Size, Proportion and Substance
Height at the highest point of the shoulder is ideally: Dogs: 25.5 to 28.5 inches. Bitches 23.5 to 27 inches. Body length to height is approximately a 10 to 9 proportion, thus appearing slightly longer than tall. It is a heavy boned and well muscled dog of sturdy appearance.

Expression is animated and gentle. The eyes are almond shaped and brown, dark brown preferred, medium sized, neither deep set nor protruding. Blue eye or eyes is a disqualification. Eyelids are close fitting and eyerims are black. The ears are medium sized, set high, triangular in shape, gently rounded at the tip, and hang close to the head when in repose. When alert, the ears are brought forward and raised at the base. The top of the ear is level with the top of the skull. The skull is flat and broad with a slight stop. The backskull and muzzle are of approximately equal length. The backskull is approximately twice the width of the muzzle. The muzzle is large, blunt and straight, not pointed and most often with a slight rise before the end. In adult dogs the nose leather is always black. The lips are clean and as a dry-mouthed breed, flews are only slightly developed. The teeth meet in a scissors bite.

Neck, Topline and Body
The neck is of moderate length, strong, muscular and clean. The topline is level from the withers to the croup. The chest is deep and broad with a slight protruding breastbone. The ribs are well-sprung. Depth of chest is approximately one half the total height of the dog at the withers. Body is full with slight tuck up. The loins are broad and strong. The croup is long, broad and smoothly rounded to the tail insertion. The tail is thick from root to tip, tapering slightly at the tip, reaching to the hocks, and carried down in repose. When alert and in movement, the tail may be carried higher and slightly curved upwards, but should not curl, or tilt over the back. The bones of the tail should feel straight.

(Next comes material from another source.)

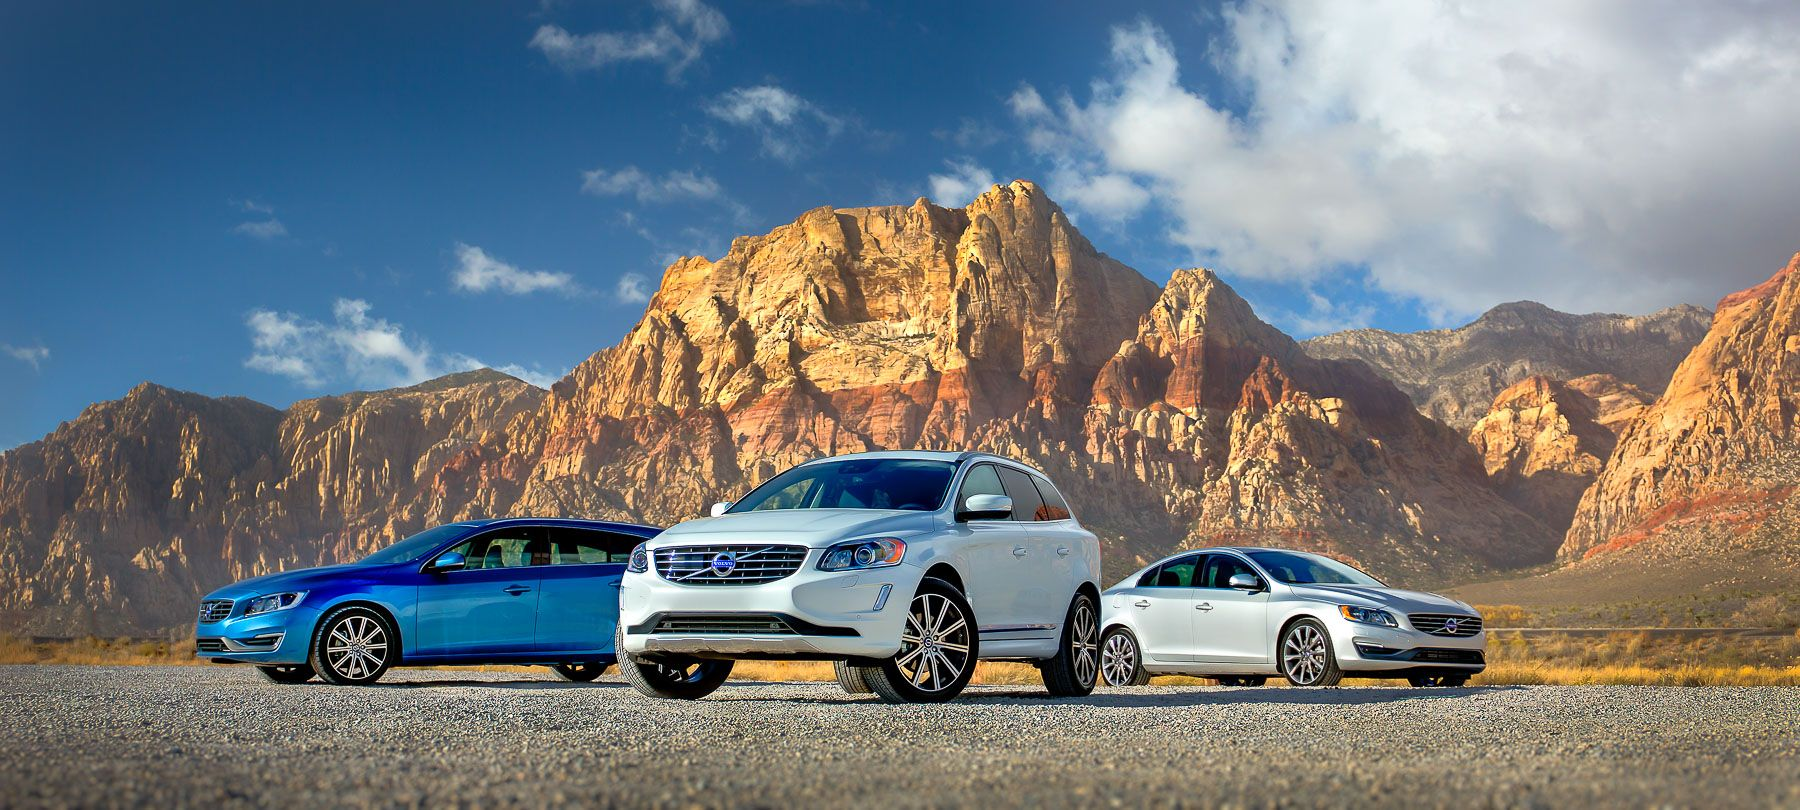 Volvos, outside Las Vegas

The shoulders are long, sloping, strong and moderately laid back. They are flat and well-muscled. Forelegs are straight and strong. The pasterns slope very slightly, but are not weak. Feet are round and compact with well arched toes, and turn neither in nor out. The dewclaws may or may not be present.

The thighs are broad, strong and muscular. The stifles are moderately bent and taper smoothly into the hocks. The hocks are well let down and straight when viewed from the rear. Feet are round and compact with well arched toes, and turn neither in nor out. Dewclaws should be removed.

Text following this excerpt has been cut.